With 8-bit imaging, exponential gradients cannot be resolved over more than 5.5 times the gradients’ decay length (gray shade). Beyond that, only noise remains. To measure their shape over longer distances, higher imaging bit depth is needed.
We developed a formula to estimate the positional error in those parts of the tissue that cannot easily be imaged from gradient variability close to the source.
Check out our tweetorial on this:
We also developed a novel simulation framework to estimate morphogen gradient variability from measured molecular noise levels.
We find that for reported noise levels, the expected positional error of gradients does not exceed the reported positional error of their readouts.

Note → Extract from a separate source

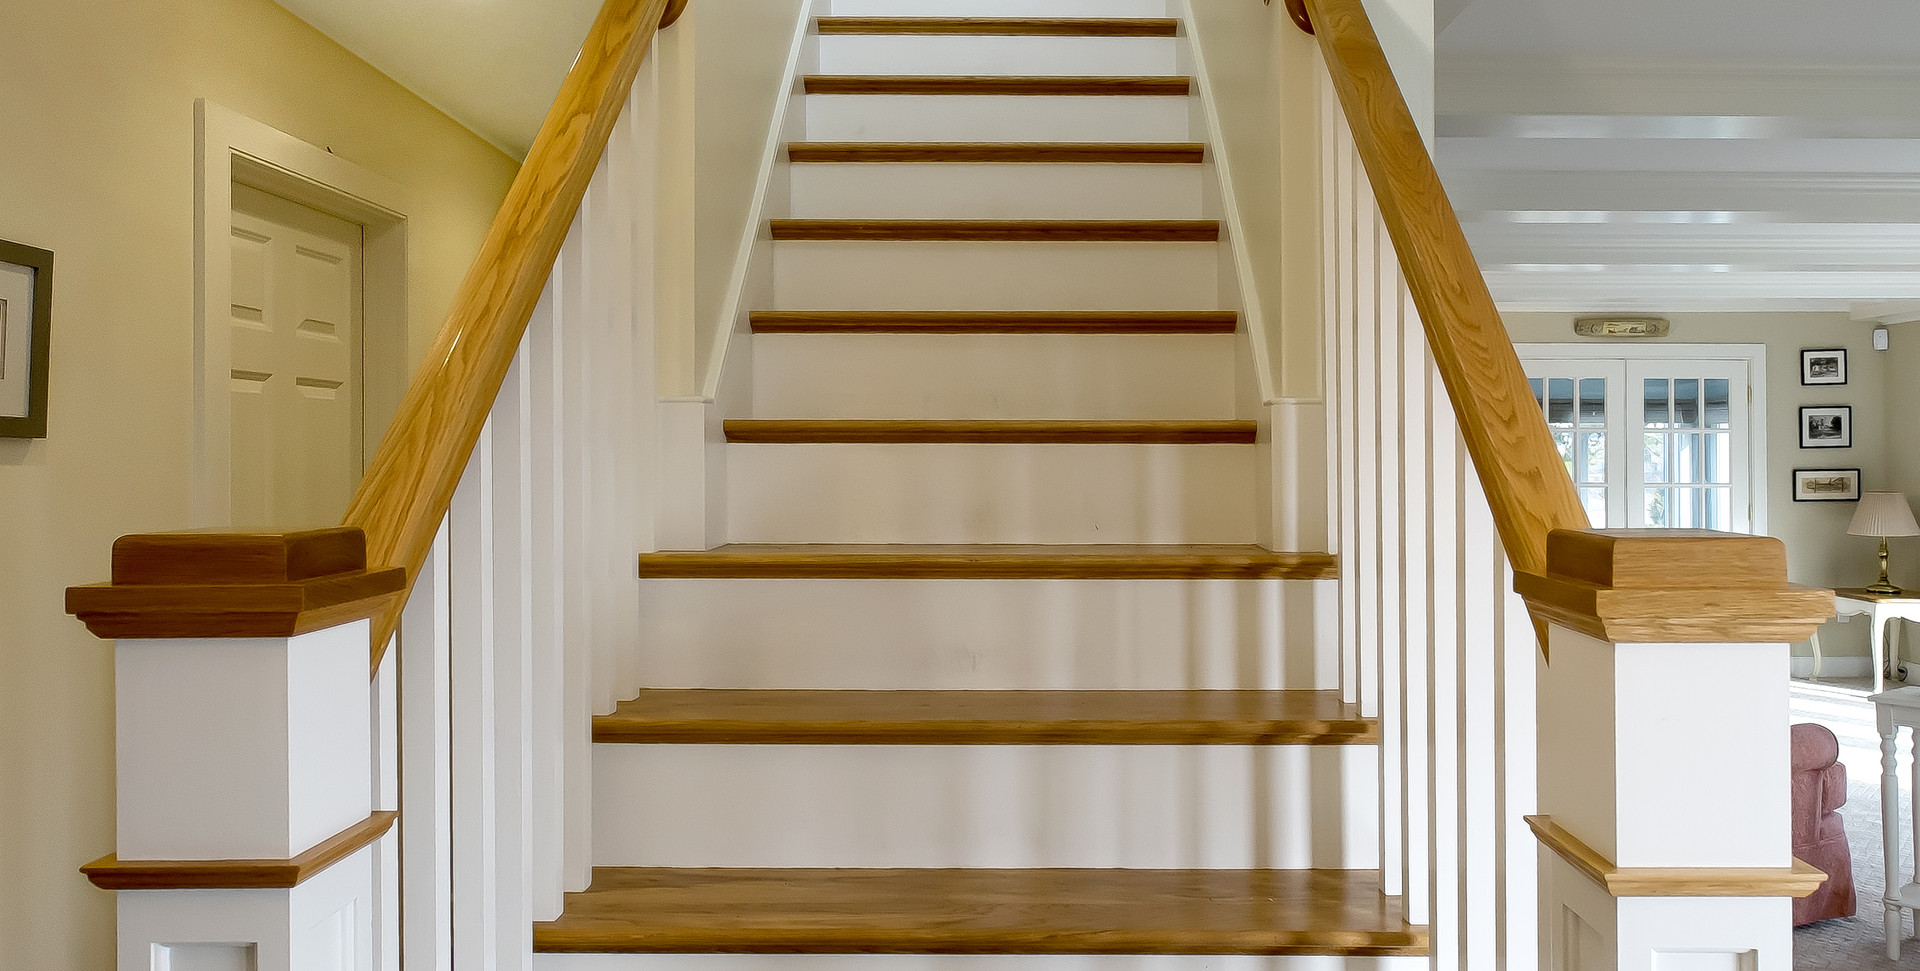 Ridgevale Beach, West Chatham, MA, Home Remodel, custom staircase

In a related paper, we find that the #precision of morphogen gradients is strongly affected by #cell #size. Higher patterning precision is achieved with smaller cells:
Preprint: doi.org/10.1101/2022.0…
Our discovery will hopefully motivate further gradient measurements, and facilitate #tissue #engineering: Precise patterns can result from single morphogen gradients, which is great news for everyone seeking to synthetically recapitulate patterning processes.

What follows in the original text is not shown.